Let’s have a closer look at some of these relationships. First, let’s plot the depression prevalence DEP against the povery rate POV:

depression %>%
  ggplot() +
  geom_point(aes(x = POV, y = DEP))

Just as indicated by the correlation plot, we can see a clear positive correlation between the two variables. On average, as the poverty rate POV increases, the depression prevalence DEP also increases. Similarly, let’s again plot the depression prevalence DEP, this time against the median household income MHI:

depression %>%
  ggplot() +
  geom_point(aes(x = MHI, y = DEP))

Once again, the plot is in agreement with what we have observed from the correlation plot. This time, when the median household income MHI increases, the prevalence of depression DEP decreases: a negatively correlated relationship, as expected.

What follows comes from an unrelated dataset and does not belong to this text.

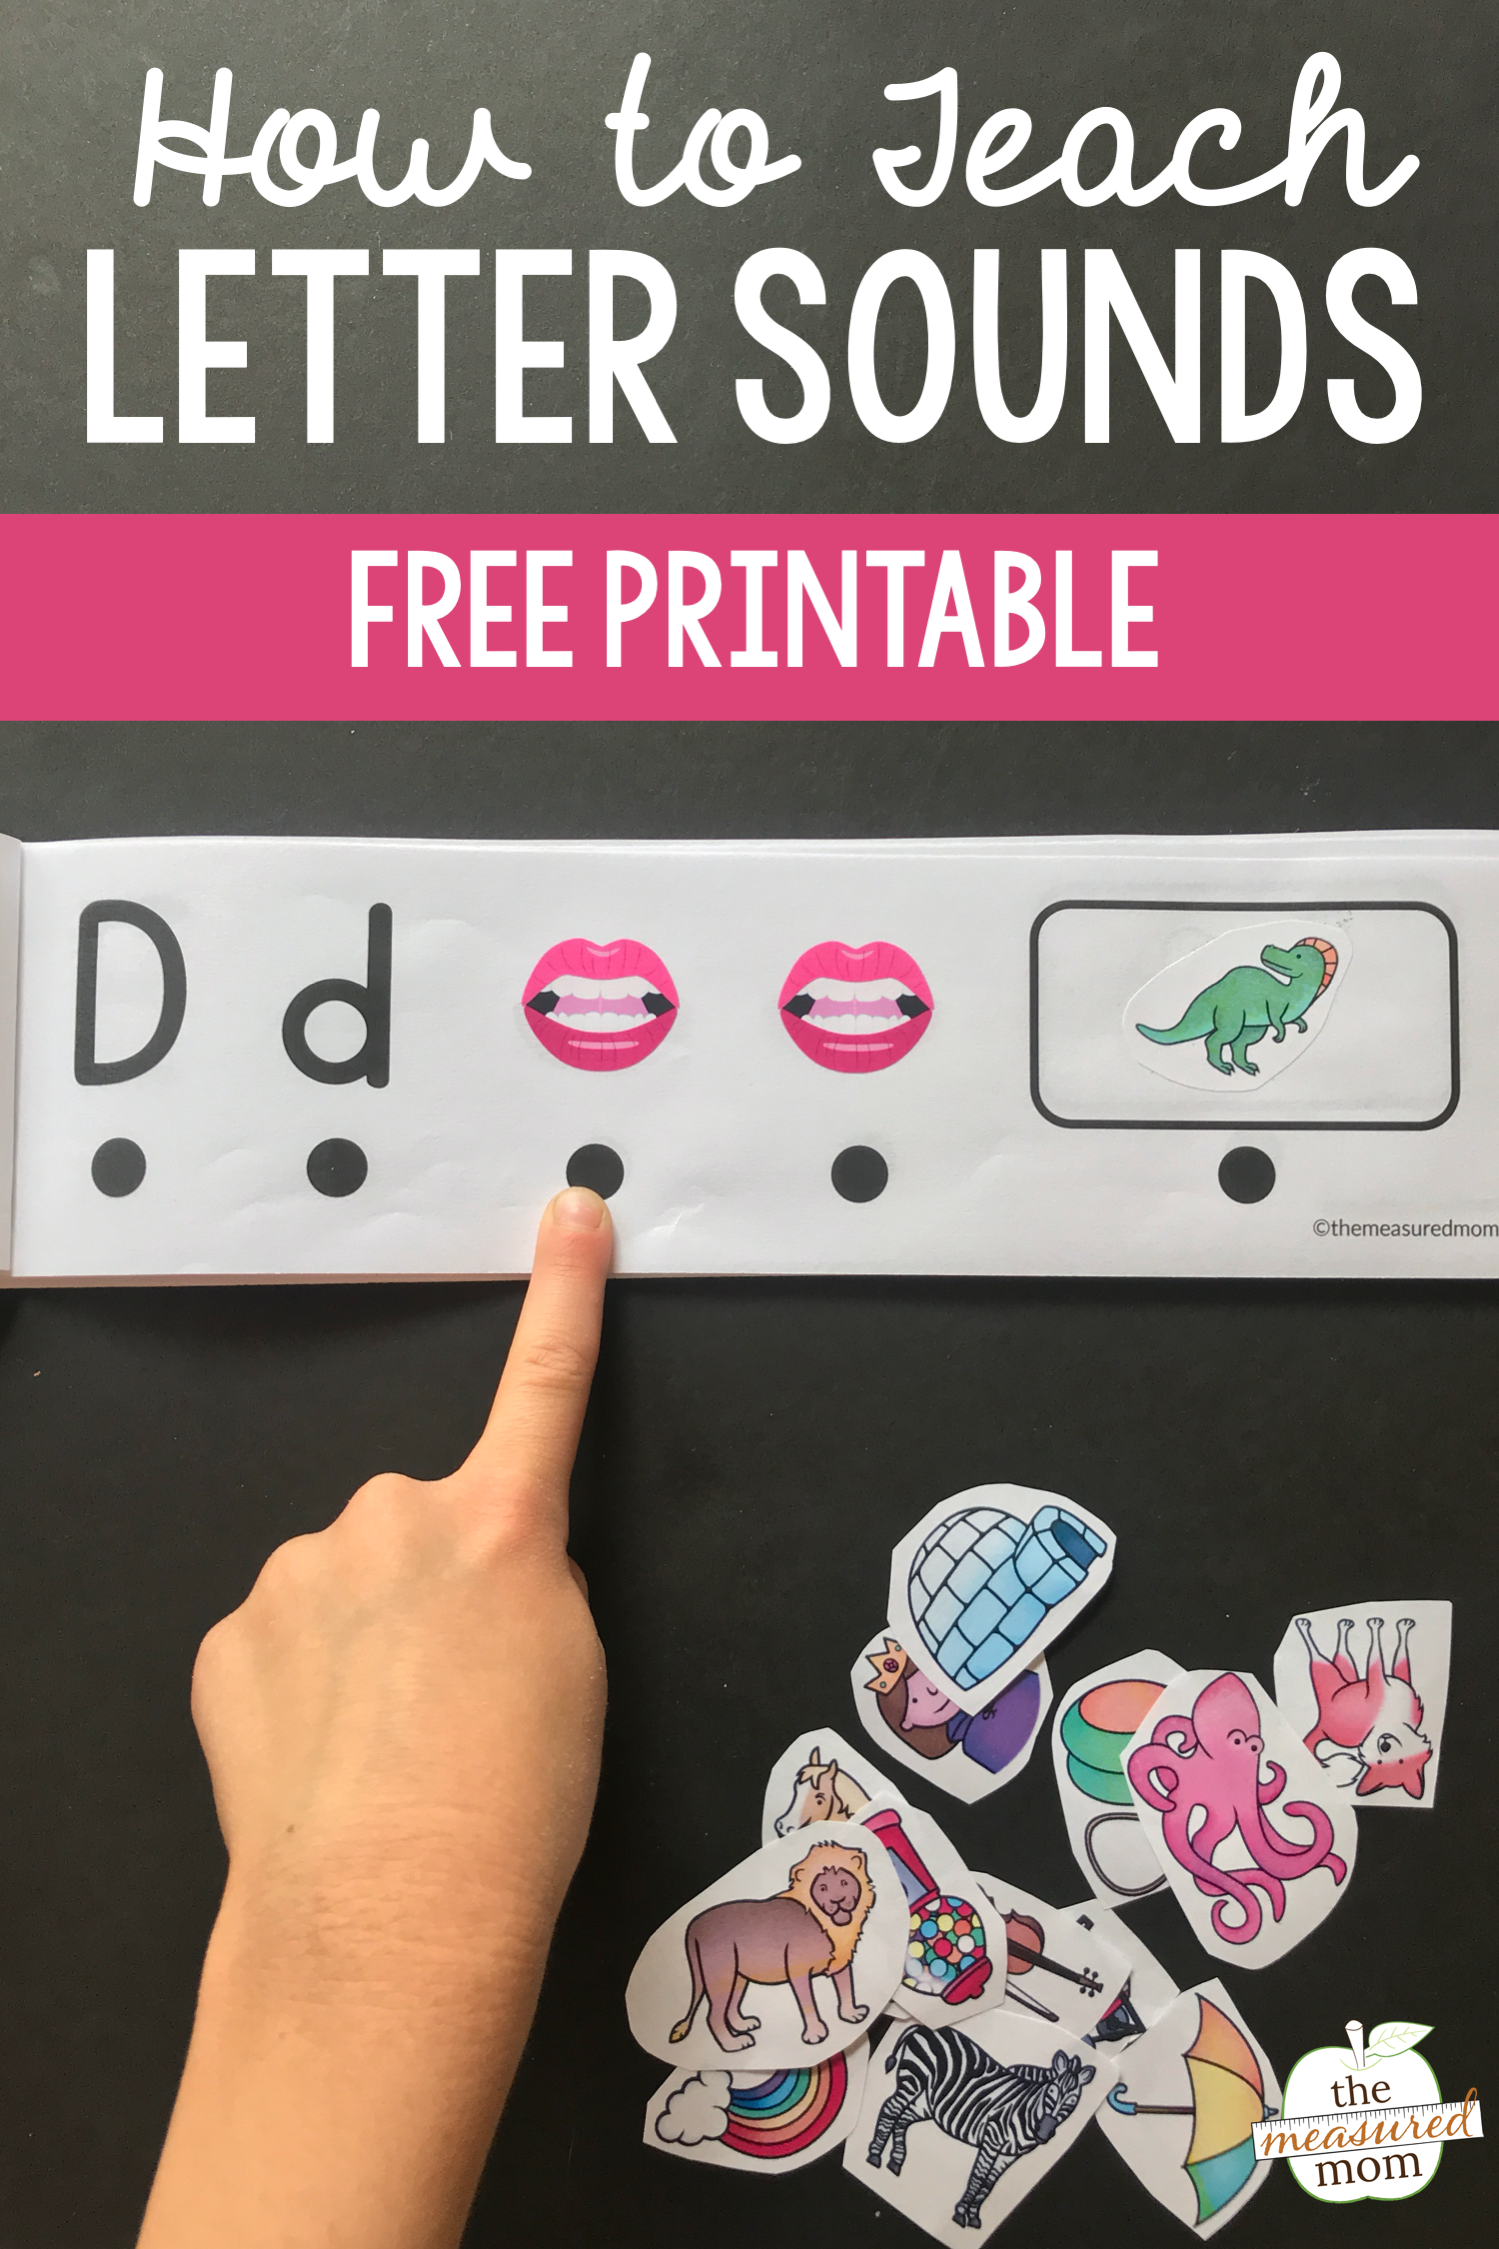 Printable for teaching letter sounds

Finally, let’s have a look at the correlation between the product of two predictors and the prevalence of depression.

n <- dim(depression)[2]
inter_cor_mat <- matrix(nrow = n - 2, 
                        ncol = n - 2,
                        dimnames = list(names(depression)[3:n],
                                        names(depression)[3:n]))
for (i in 3:n) {
  for (j in i:n) {
    inter_cor_mat[i-2,j-2] <- cor(depression[,i]*depression[,j], depression$DEP, use = "complete.obs")
  }
}

corrplot(inter_cor_mat, type = "upper")

From the above plot, we can pick out many interactions that are both positively and negatively correlated with the depression prevalence. The positively correlated include POV:PEW (the poverty rate and percent of population that is white), AHS:DIS (average household size and disability rate), and PUE:DIS (percent under eighteen and disability rate). The negatively correlated include MHI:SER (median household income and sex ratio), INT:MHI (percent of population with internet at home and median household income), and BOH:LOE (percent of population with a bachelor’s degree or higher and percent of population that speaks a language other than English at home).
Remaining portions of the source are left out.